Unlike Oregon, Idaho does not have a state endangered species act; protection for species listed as such are under the management of the federal government.
 
However, protected plant and animal species significantly affect Idaho producers, so the governor created the Office for Species Conservation, headed by Dustin Miller.
 
“Our most important job is to work with landowners and public land users so they stay profitable while conserving the resources,” said Miller. “We use scientifically based solutions with benefits to listed species while keeping people in business.”
 
Miller said the state refused to work during the reintroduction because, “It felt the feds crammed wolves down our throat.”
 
Miller said under Idaho code, livestock owners and their employees can kill wolves that have exhibited behavior suggesting they might attack livestock.

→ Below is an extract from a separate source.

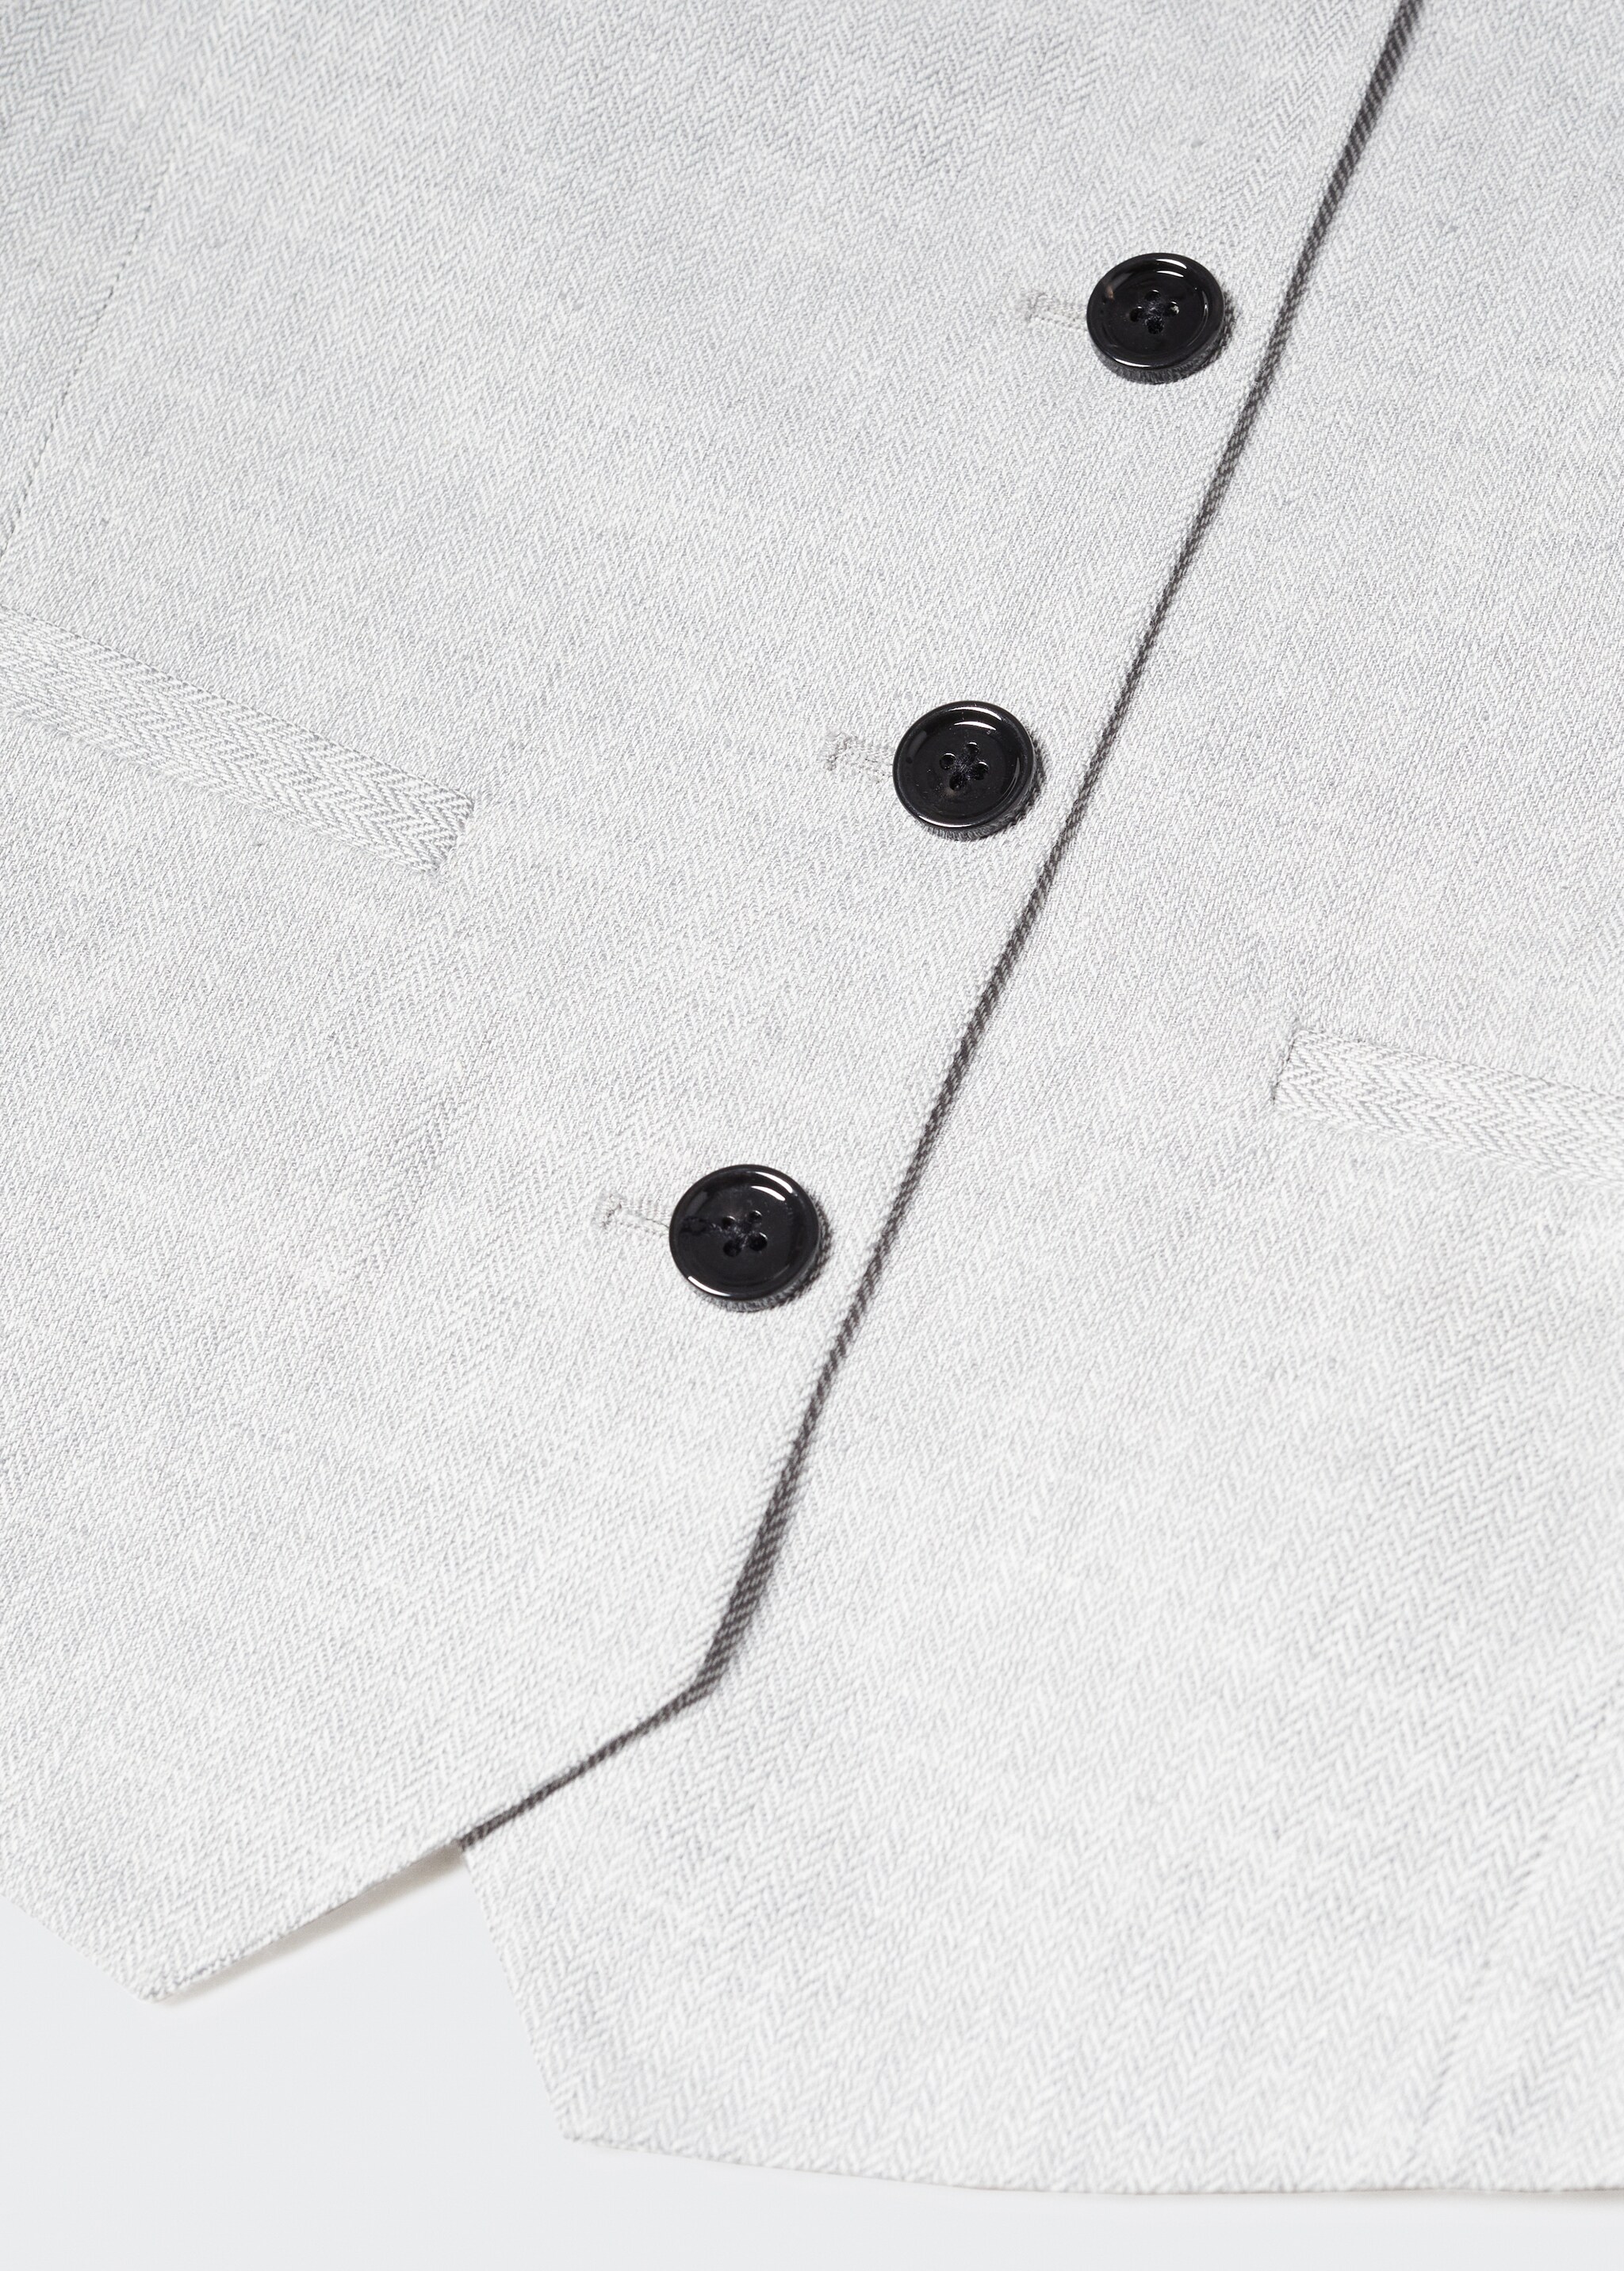 Herringbone linen suit waistcoat - Details of the article 8
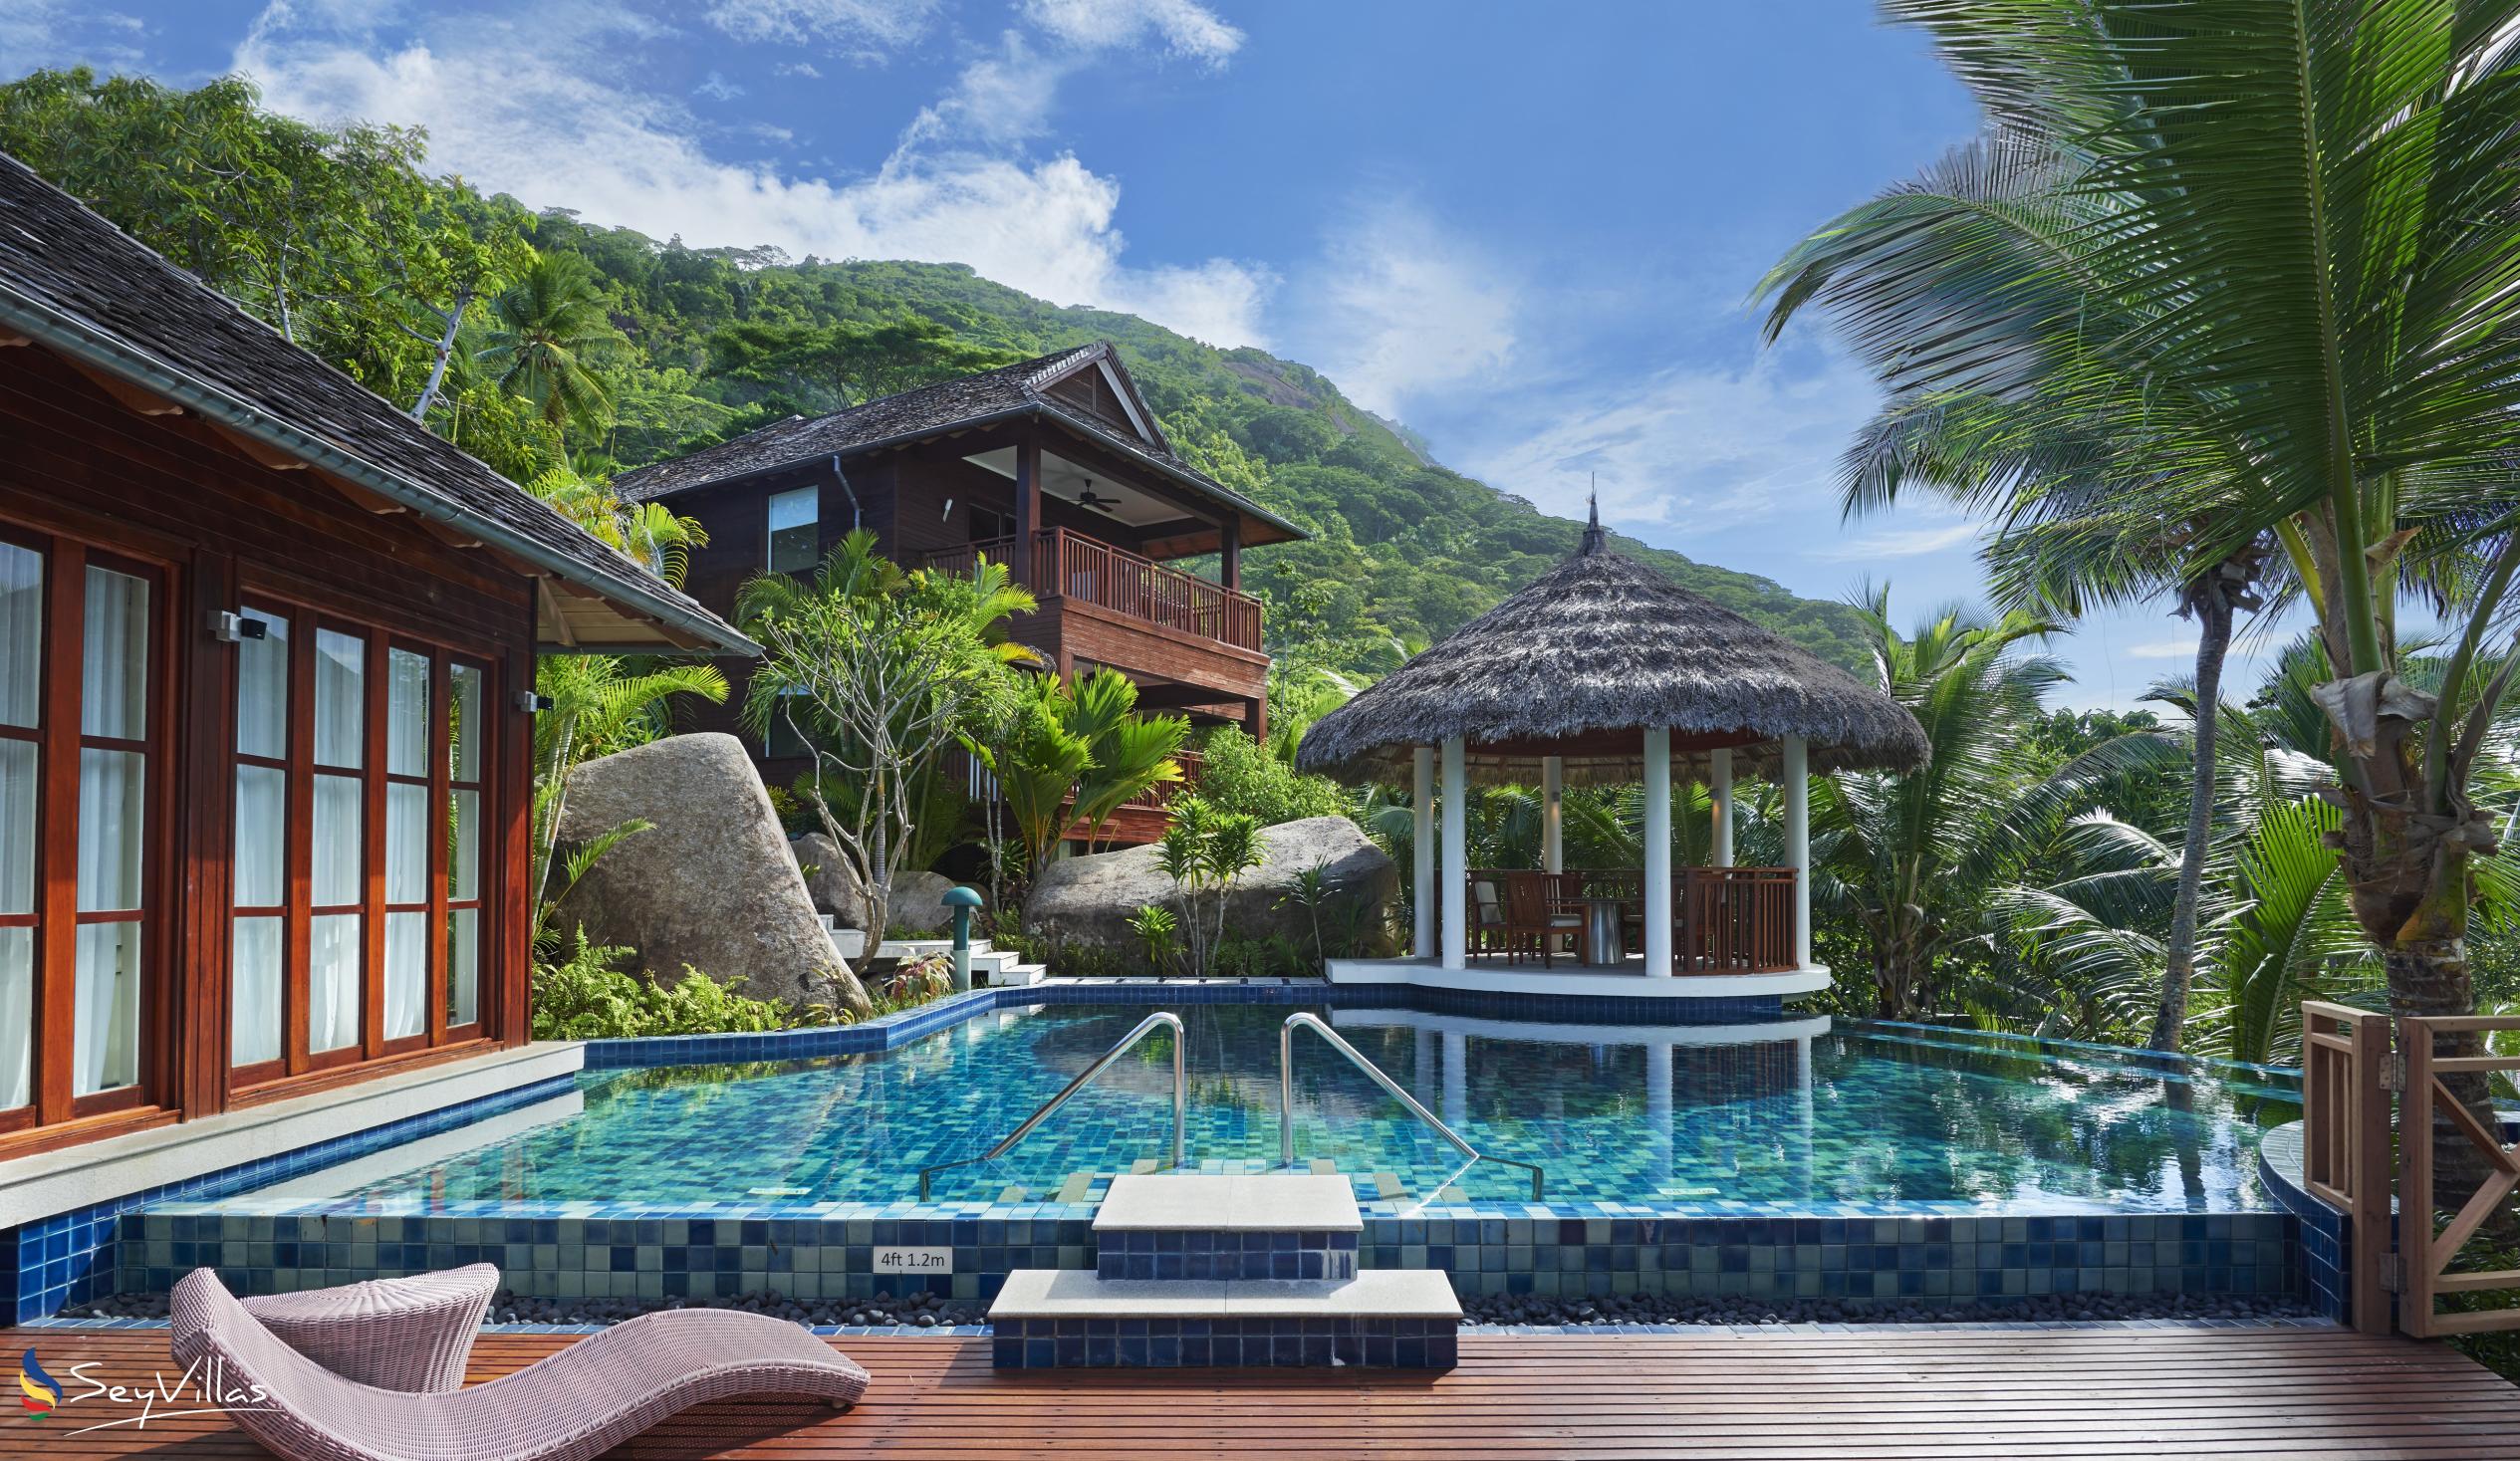 Foto 76: Hilton Seychelles Labriz Resort & Spa - Two Bedroom Silhouette Estate - Silhouette Island (Seychellen)

A confirmed livestock kill allows a wolf to be shot on site where livestock is present.
 
“The burden of proof is on the producer,” said Miller.
 
At the end of 2011, 746 wolves and 101 packs were documented from the Canadian border, south to the Snake River Plain, and from the Washington and Oregon borders east to the Montana and Wyoming borders.
 
Only the southern part of the state is uninhabited by wolves. Holyan said that is probably due to the lack of game.
 
Of the 296 wolves killed in 2011, 200 were legally hunted or trapped, 63 were lethally controlled, 11 were killed or suspected to have been killed illegally, and seven died from other human causes (vehicles or non-target).
 
Wolf dispersal from central Idaho into Oregon was predicted well before the reintroduction; it’s the animal’s nature to find new territory.
 
“Wolves are fabulous dispersers and can be wherever they want, they don’t know to stop at the border,” Holyan said.
 
Within four years of the wolves’ reintroduction in Idaho, a female collared wolf made her way to Baker County, which borders Idaho. Within a year, two more wolves were found dead in Oregon, and residents, both for and against wolves, came together to craft a plan to both conserve and manage them.
 
In 2006, the Wenaha pack was documented in northwest Wallowa County, and by 2009, the alpha male and female of the Imnaha pack were collared and their movements closely monitored.